During yesterday’s official live stream, Studio Asobo unveiled a massive performance boost that will be implemented later this month in Microsoft Flight Simulator, with the next update scheduled to launch on July 27th.
Microsoft Flight Simulator is undoubtedly one of the most taxing PC games to date, so it’s great news to hear it’ll soon run more smoothly for everyone.
Asobo CEO Sebastian Wloch explained:
We’ve been working hard on the Xbox version but there’s some really great benefits coming to the PC as well. We’ve been working hard mostly on the simulation engine. Basically, we have rewritten a lot of the parts of the engine, of the architecture, and improved it in order to get the maximum performance out of the sim and minimum I would say resource or memory or bandwidth footprint.
We did two forms of improvements, a lot of CPU optimization and re-architecturing and moving around things and some GPU improvements too.
When asked how these improvements would benefit the VR version of Microsoft Flight Simulator, Wloch replied that it’s unclear yet, though performance should be better even in VR.
We are in the process of testing all sorts of configurations, because the impact is gonna be not the same depending on what CPU you have, what GPU you have. Definitely there’s going to be a positive impact on VR, that’s for sure, we just don’t know exactly how much, but maybe it’s the same than what we see here, maybe it’s more.

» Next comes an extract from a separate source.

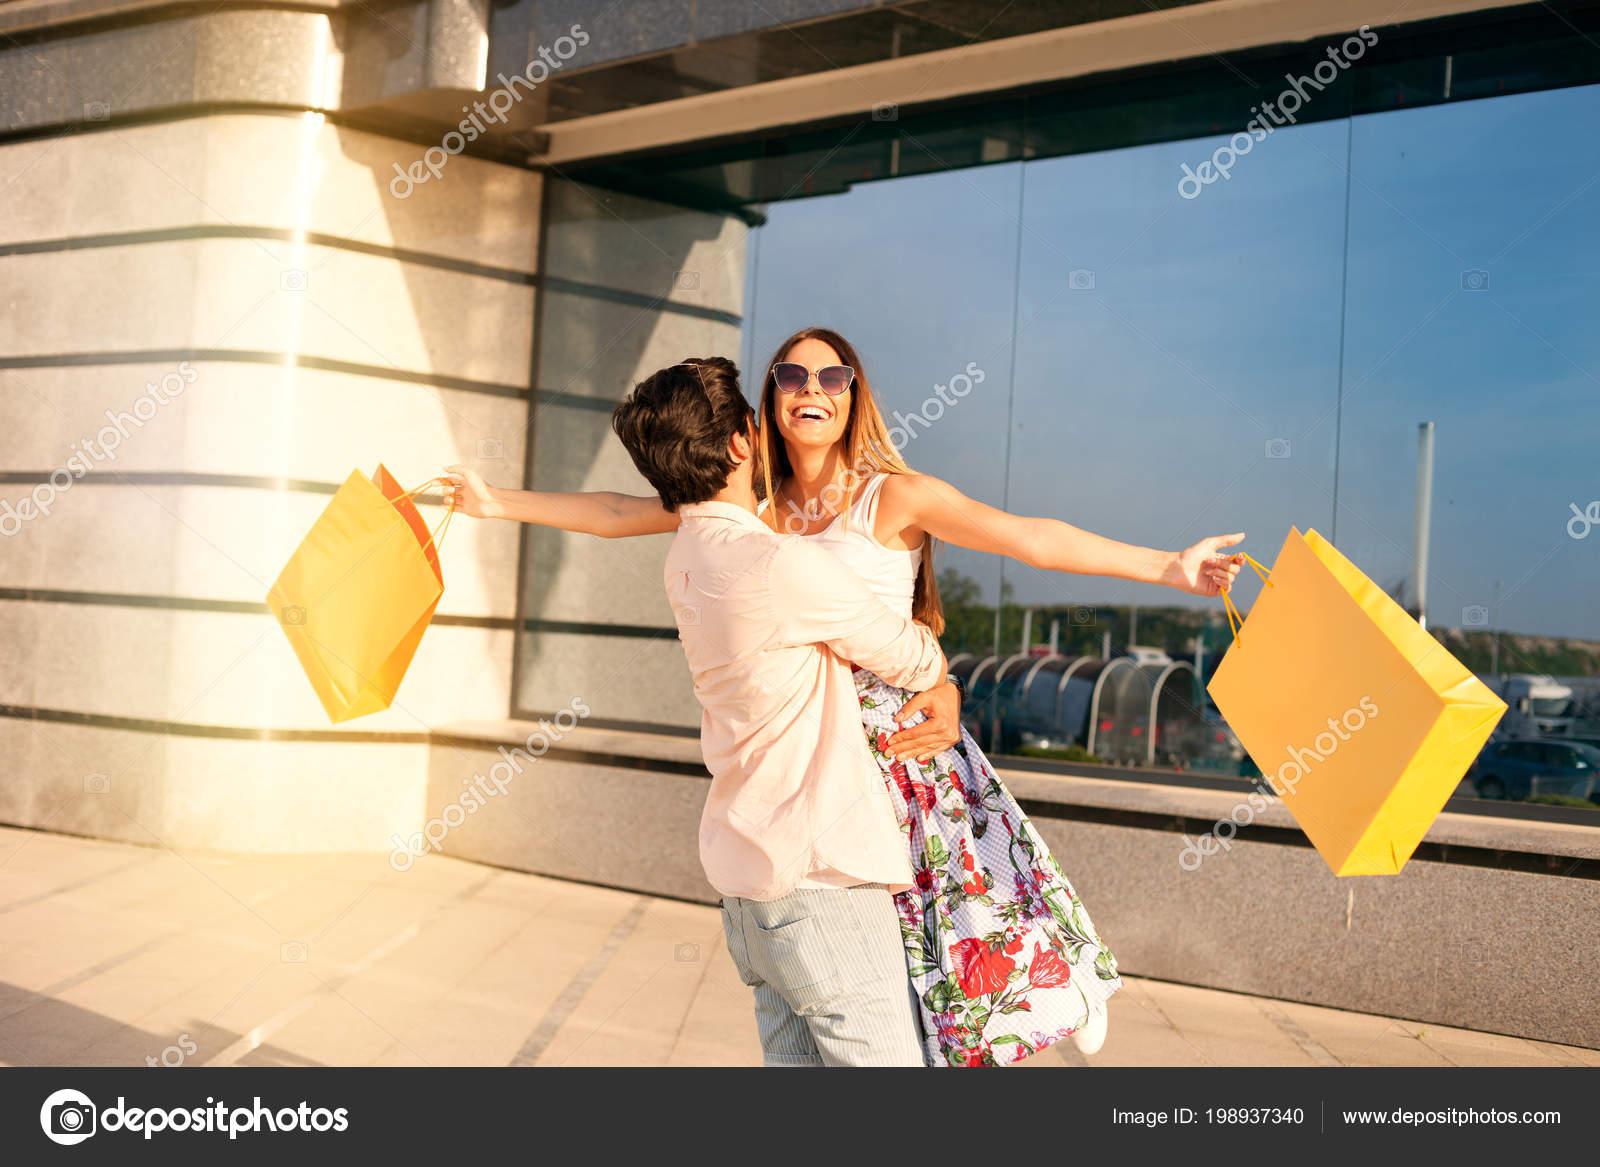 5c19107fc8c0c Divertido Compra Time Jovem Casal Adorável Feliz Depois Uma Compra —  Fotografia de Stock

I think it’s gonna depend on which VR headset, which GPU and which CPU, but it should definitely be better.
The performance improvements don’t even include DirectX 12 support yet, as Studio Asobo is still working on that. According to Wloch, DX12 will enable ray tracing support, better water, better shadows, and more.
There won’t an Xbox beta for Microsoft Flight Simulator ahead of the official release (also due on July 27th), but there’s good news for Xbox fans who uses a VRR compatible display. While Microsoft Flight Simulator will be locked to 30FPS on consoles (4K on Xbox Series X, 1080p on Xbox Series S), the lock can be removed by enabling Variable Refresh Rate.
Last but not least, the developers are considering techniques like AMD’s FSR and NVIDIA’s DLSS, but for the time being their implementation of temporal antialiasing doesn’t seem to be much worse.